The present disclosure relates generally to downhole cementing applications, and, more particularly, to an improved method and apparatus for bonding casing to a subterranean formation in cyclic load applications.
Hydrocarbons, such as oil and gas, are commonly obtained from subterranean formations that may be located onshore or offshore. The development of subterranean operations and the processes involved in removing hydrocarbons from a subterranean formation typically include a number of different steps such as, for example, drilling a wellbore at a desired well site, treating the wellbore to optimize production of hydrocarbons, and performing the necessary steps to produce and process the hydrocarbons from the subterranean formation.
Certain subterranean reservoirs contain hydrocarbons, which are difficult to produce because they are highly viscous. Tar sand formations are one example of such a reservoir. One common technique for recovering oil and gas from such subterranean reservoirs is to inject them with steam. The steam makes the hydrocarbons less viscous thereby making them easier to produce through conventional production casing or tubing. There are several different methods for injecting steam into the formation. One such manner is simple injection of steam into a wellbore and producing from a nearby or adjacent wellbore. The other is by use of a Huff & Puff well. A Huff & Puff well has the advantage of simply requiring a single well and thereby avoids the cost and expense of drilling multiple wells.
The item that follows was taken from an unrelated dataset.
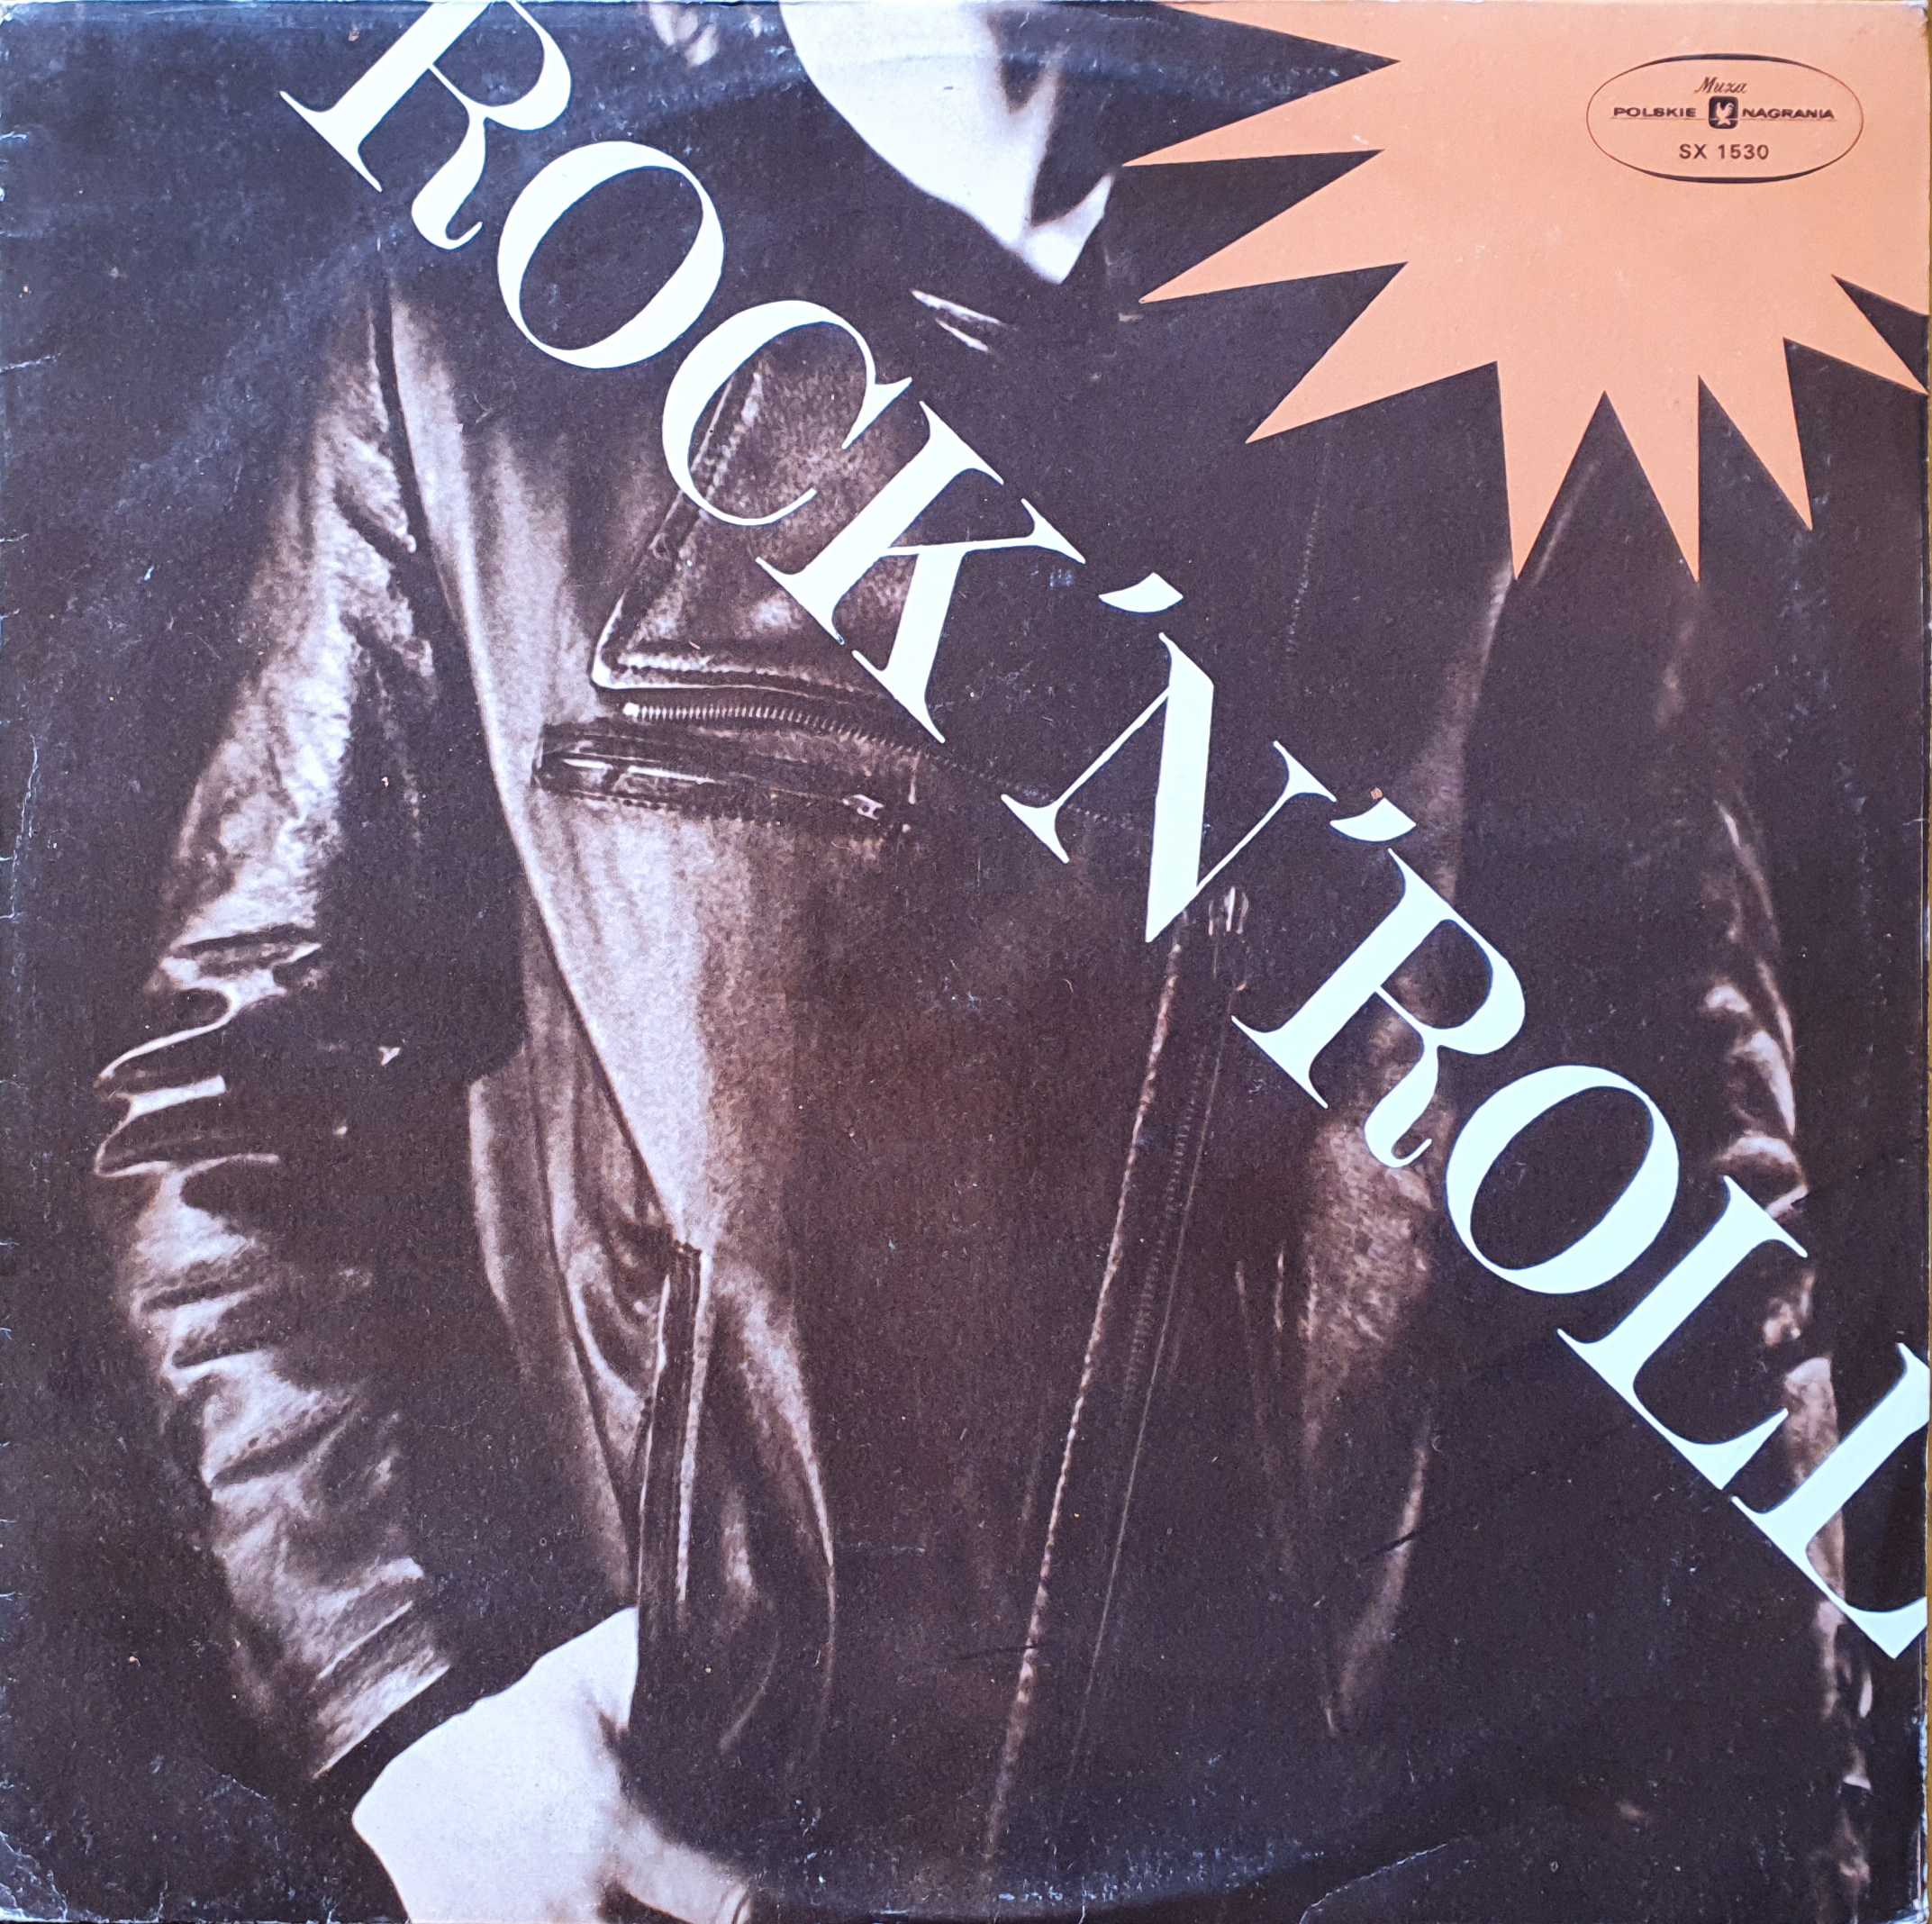 Picture of SX 1530 Rock 'n' roll - Polish import by artist Various from the BBC albums - Records and Tapes library

A drawback, however, of Huff & Puff wells, and other steam injection wells is that the wide temperature and pressure variations that are generated through the steam injection process and subsequent cooling of the well to allow production to flow puts stress on the cement bonds that are formed between the casing string and the wellbore. This is because the casing string itself expands and contracts in response to the temperature and pressure variations. Over time, this expansion and contraction of the casing string can result in a failure of the bond formed between the casing string and the wellbore, which can be detrimental to the structural integrity of the well and to the hydraulic seal formed by the cement.
Studies have found that if the casing string is pre-stressed, for example, by being put under tension prior to cementing to the wellbore, it can better withstand the wide temperature and pressure swings that occur with the steam injection process. This is because the pre-stressing of the casing string limits the expansion and contraction that occurs with the temperature and pressure swings.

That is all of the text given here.